The Tribunal attributed responsibility for what had occurred to Silveira and in addition ordered him to pay the court costs and the state lawyer’s fees. The ruling said he had “exclusive responsibility for the regrettable episode of which he was victim” for having remained at the site of the disturbances and not withdrawing when the conflict took an aggressive turn with risk of bodily harm.
The chairman of the IAPA’s Committee on Freedom of the Press and Information, Claudio Paolillo, offered the IAPA’s solidarity with Silveira and called on the authorities to consider overturning a ruling that “is a dangerous precedent for the safety of reporters and coverage of events of public interest.”
In other development Paolillo, editor of the Montevideo, Uruguay, weekly Búsqueda, expressed the IAPA’s deep appreciation of “the admission by the IACHR of the case of Mario de Aleida Coelho Filho because it underscores the seriousness of our investigations” and “help to create a new anti-impunity culture that involves hundreds of cases of murdered journalists that continue to go unresolved, in many instances due to the lack of action by authorities.”
The IAPA investigated the Coelho Filho case and submitted its findings to the IACHR on October 19, 2005. The IACHR concluded that it was able to look into the merit of the case and that the IAPA’s request was admissible. It called on the parties concerned, the IAPA and the Brazilian government, to explore the possibility of reaching an amicable agreement and reported last month that it had approved the report on the case.

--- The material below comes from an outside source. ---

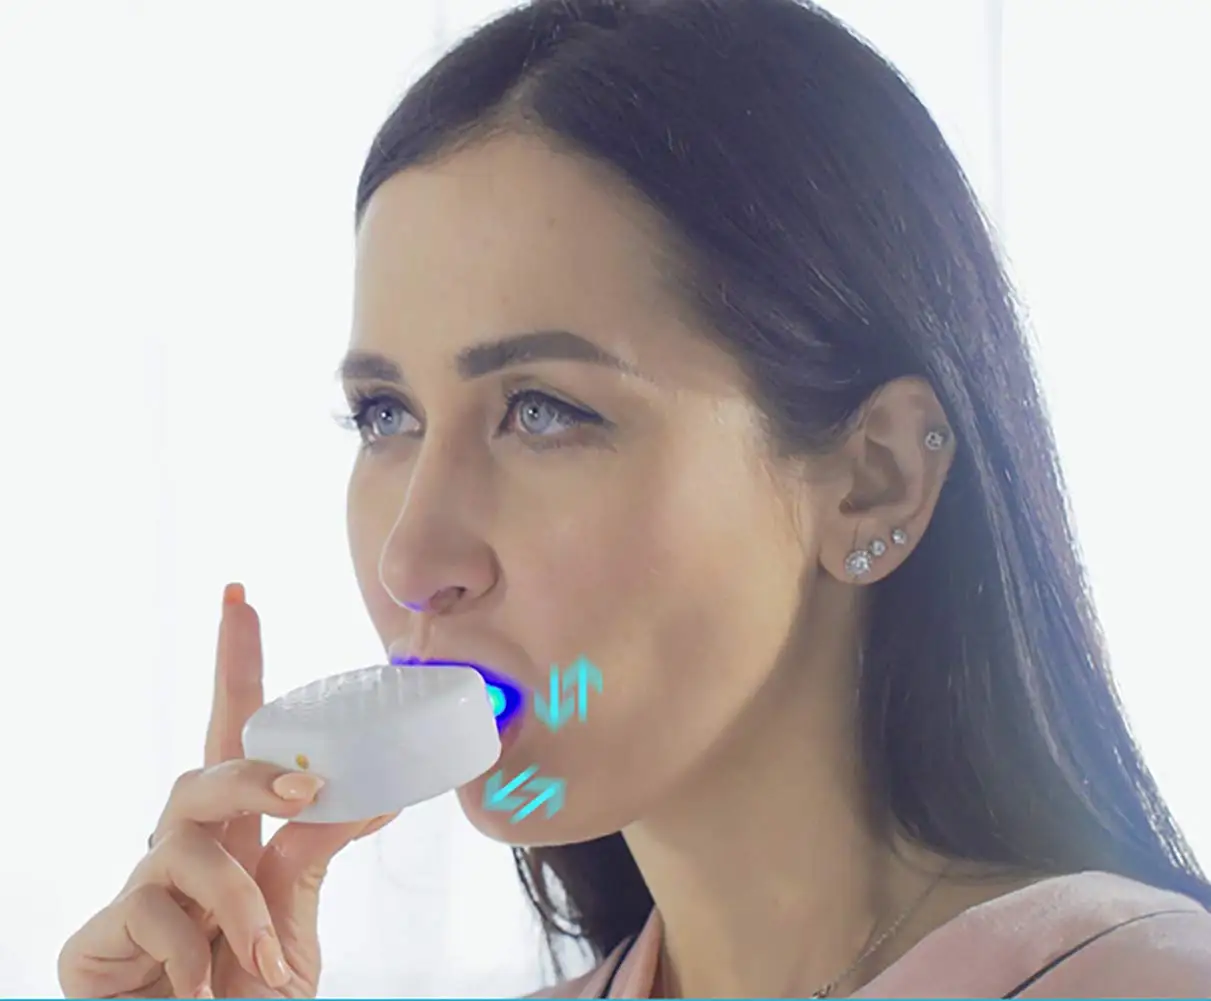 U-образная автоматическая звуковая электрическая зубная щетка, usb зарядка, IPX7, водонепроницаемая, интеллектуальная, 4 режима, зубная щетка, уход за полостью рта, отбеливание зубов

Among other elements the IACHR indicated that after more than 12 years since the murder was committed on August 16, 2001 none of the investigations or proceedings undertaken by the government had been capable of solving the crime, identifying those responsible and punishing them.
Coelho Filho had received death threats four months before he was killed. He was shot at five times as he was arriving at his home in Magé, in the Baixada Fluminense neighborhood of Rio de Janeiro, where the offices of the newspaper A Verdade are also located. He denounced reports of corruption and mishandling of public funds by members of the Magé city mayor’s office.
Since 1997 the IAPA has submitted to the IACHR 29 cases of unpunished murders of journalists in Bolivia, Brazil, Colombia, Guatemala, Mexico and Paraguay. The IACHR has admitted 15 of these cases, which the IAPA has been following up with the presentation of documents and evidence.